11 de marzo de 2012

Escuchala, ella está ahí cada vez que vos ardés.

Se dispuso a seguir caminando, no quería abandonar su propósito, así que levantó su tosca mueca del suelo, sacudió su cabeza llena de miserias y continuo. Atrás quedaban las sombras de todos sus errores, la dicha, la muerte, la vergüenza, la sonrisa de los amigos, los días que vivio y los que nunca contemplara, la tristeza secular que tanto pavor le causaba, esa maldita rutina que la hizo tropezar y romper su costado humano. Nada de eso iba a detenerla. Ni siquiera le importo detenerse a comprobar si aquellos cristales rotos eran en realidad parte de su alma, pues llevaba prisa. Solo palpó su sonrisa buscando alguna imperfección, aun estaba completa.
Sus labios de sarga eran todo lo que conservaba de aquella vida pasada, de amores efimeros, de copas y noches largas.
Cargaba de un lado un pesado bolso oscuro, del otro una mente vacía que como un niño enfermo no paraba de sollozar.
A unos pasos de ella la avenida temblaba a la sombra de sauces abrigados por picaros cables eléctricos. Se acerco lentamente, cruzando desde una esquina, y detuvo su andar a la mitad de la calle. El trafico era un completo caos, los transeúntes igual de caóticos amenazaban con sus apuradas vidas.

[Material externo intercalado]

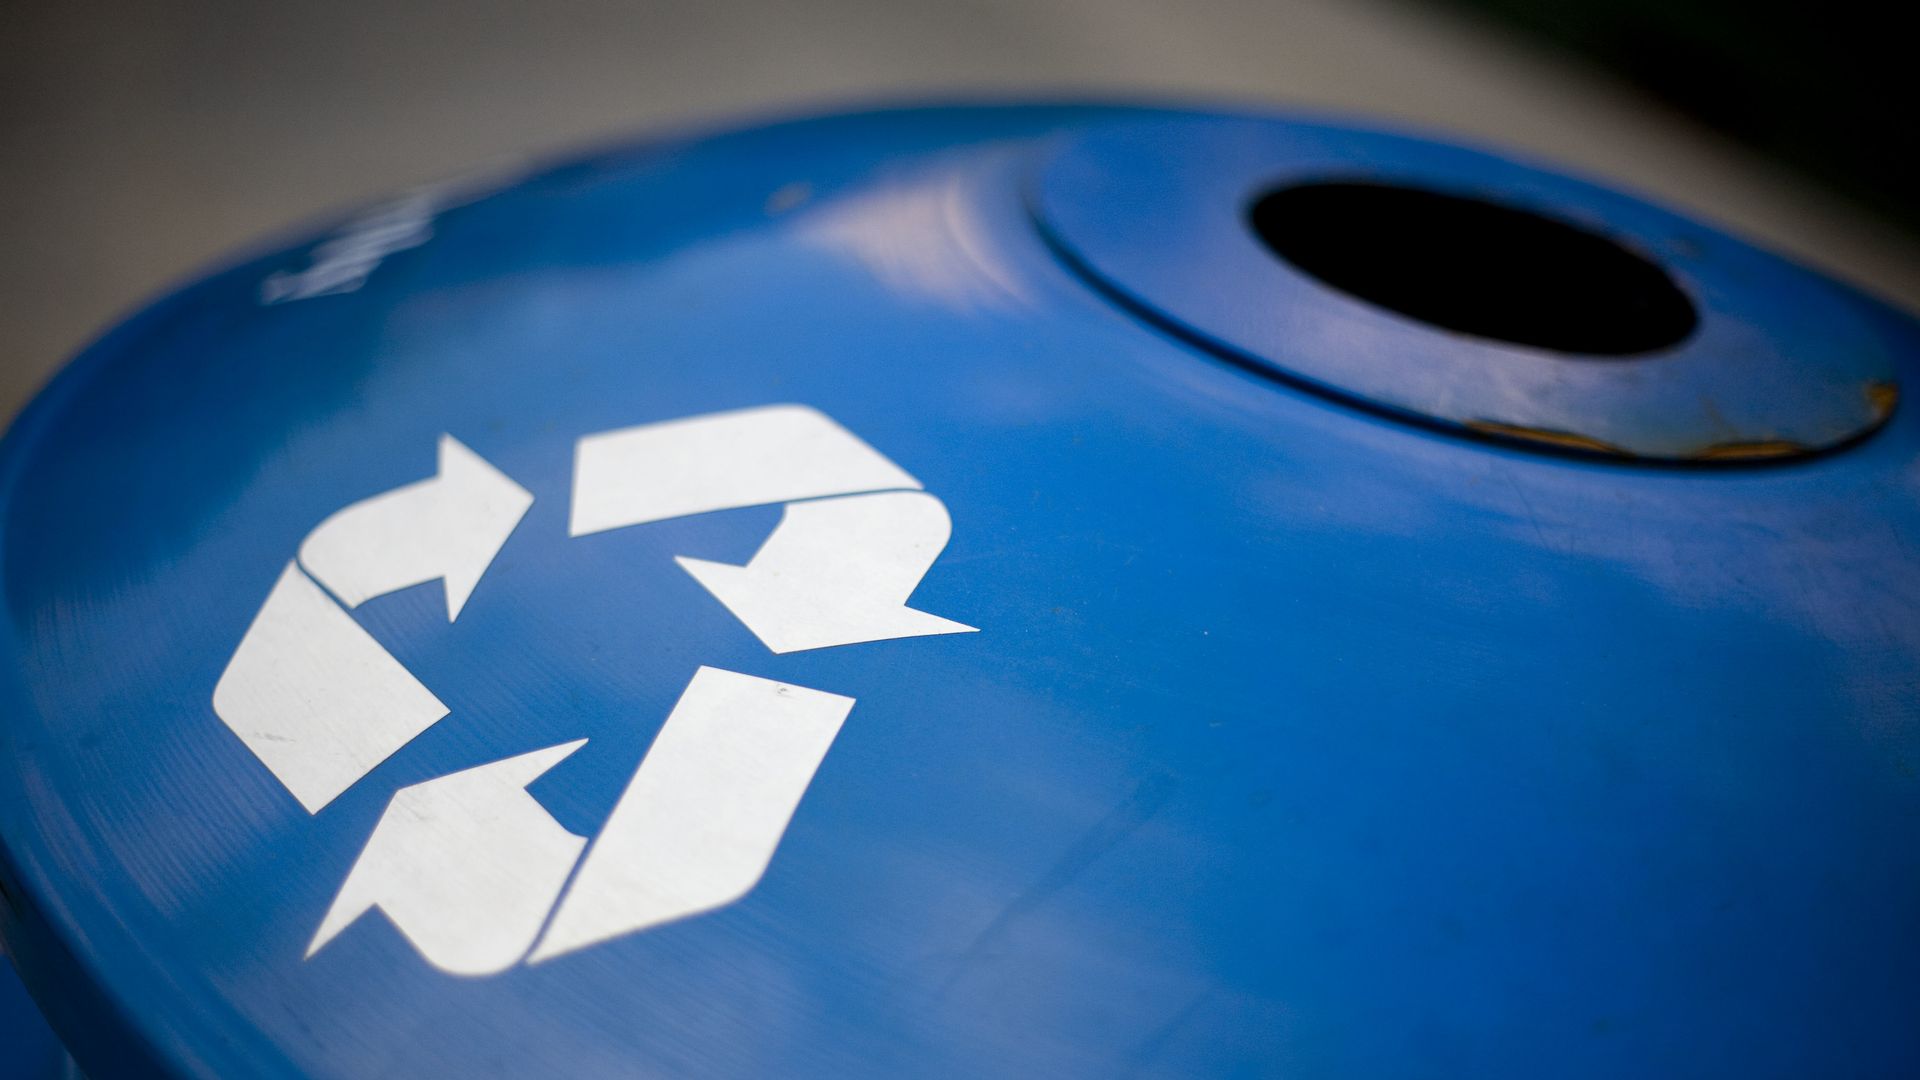 Image of recycling logo.

Era la hora pico, su corazón estaba en hora pico.
Cruzó por su mente los sitios donde solía leer, escribir, soñar. Pensó tambien en el viaje a París que le prometio a su mamá. Pensó en lo malo de la lluvia, el mundo, la sociedad. Las comidas que jamas probó, los corazones que no supo saborear.

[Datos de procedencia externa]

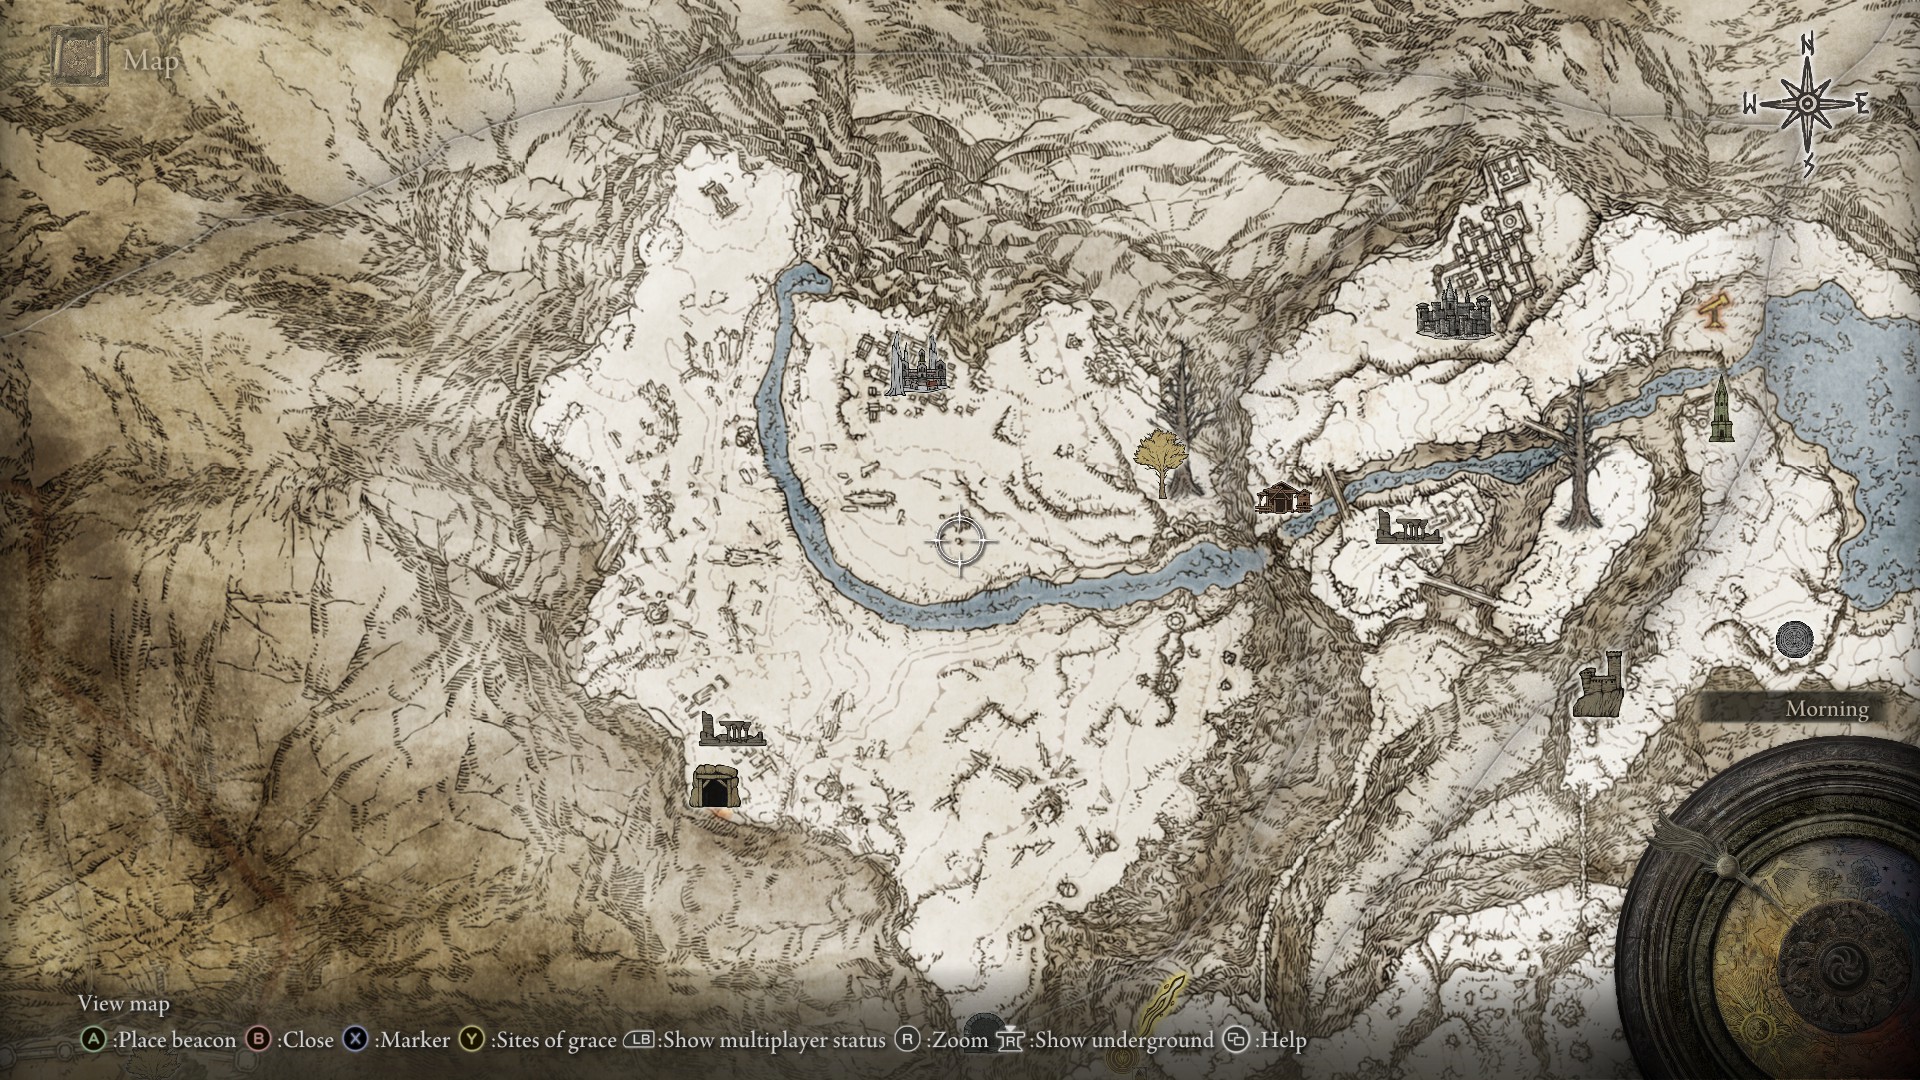 Elden Ring map fragment for the Consecrated Snowfield

Hoy en su bolso no traia libros, ni pensamientos que analizar, tan solo un reloj que pronto se iba a detener. Y se detuvo.

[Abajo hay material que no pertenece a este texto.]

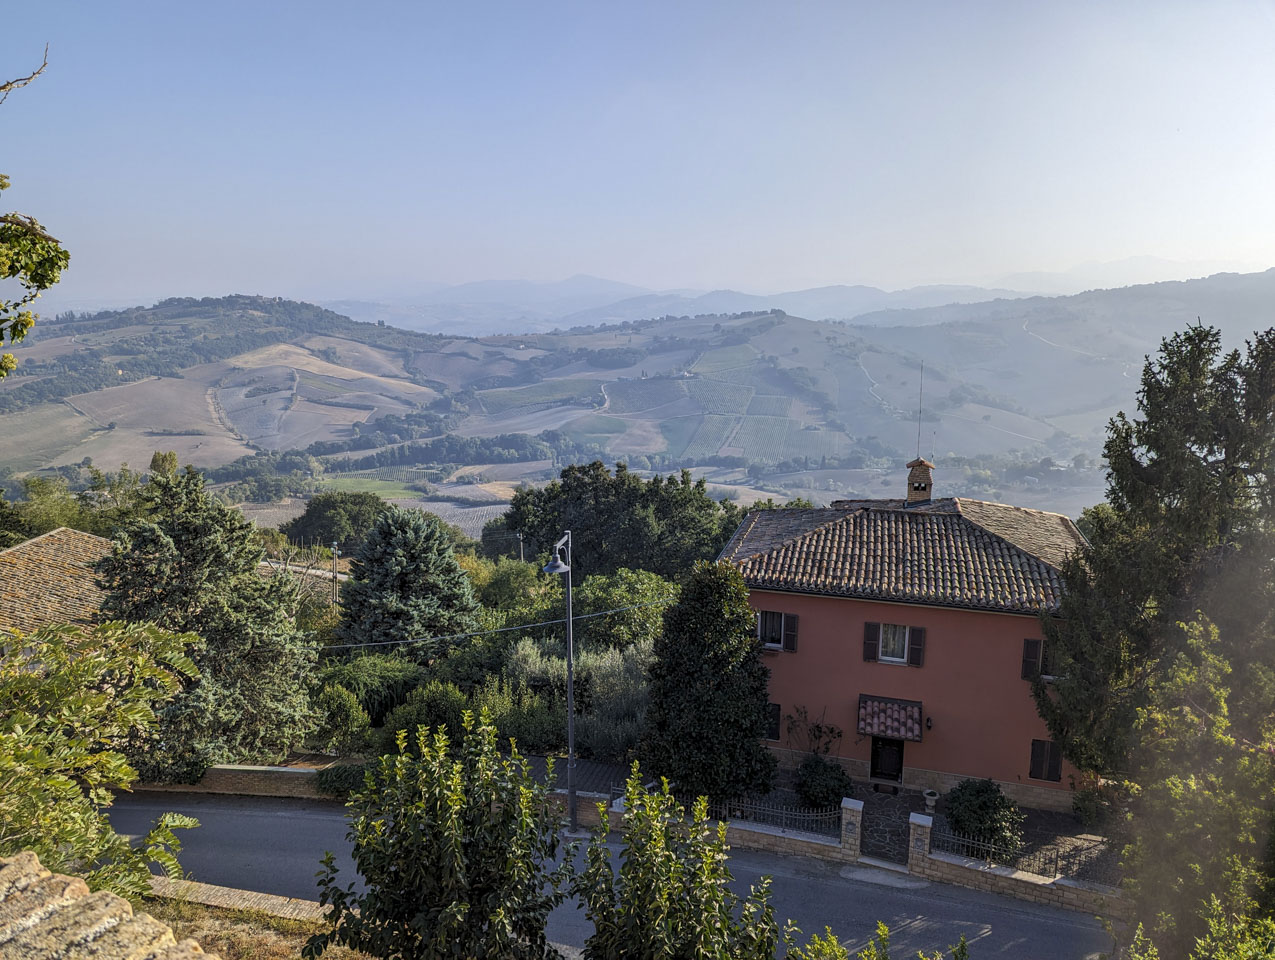 View from Fratte Rosa, Le Marche, Italy

La ciudad de repente se volvió mas armoniosa que de costumbre. La explosión libero paz, detuvo el infernal ruido de bocinas y motores enfurecidos, de bocas enfermizas sin tiempo. Nadie en un radio de tres manzanas parpadeo. El sol se lleno de migas de pan y miles de palomas hambrientas lo cubrieron hasta reducirlo a una insignificante luz que en segundos desvaneció.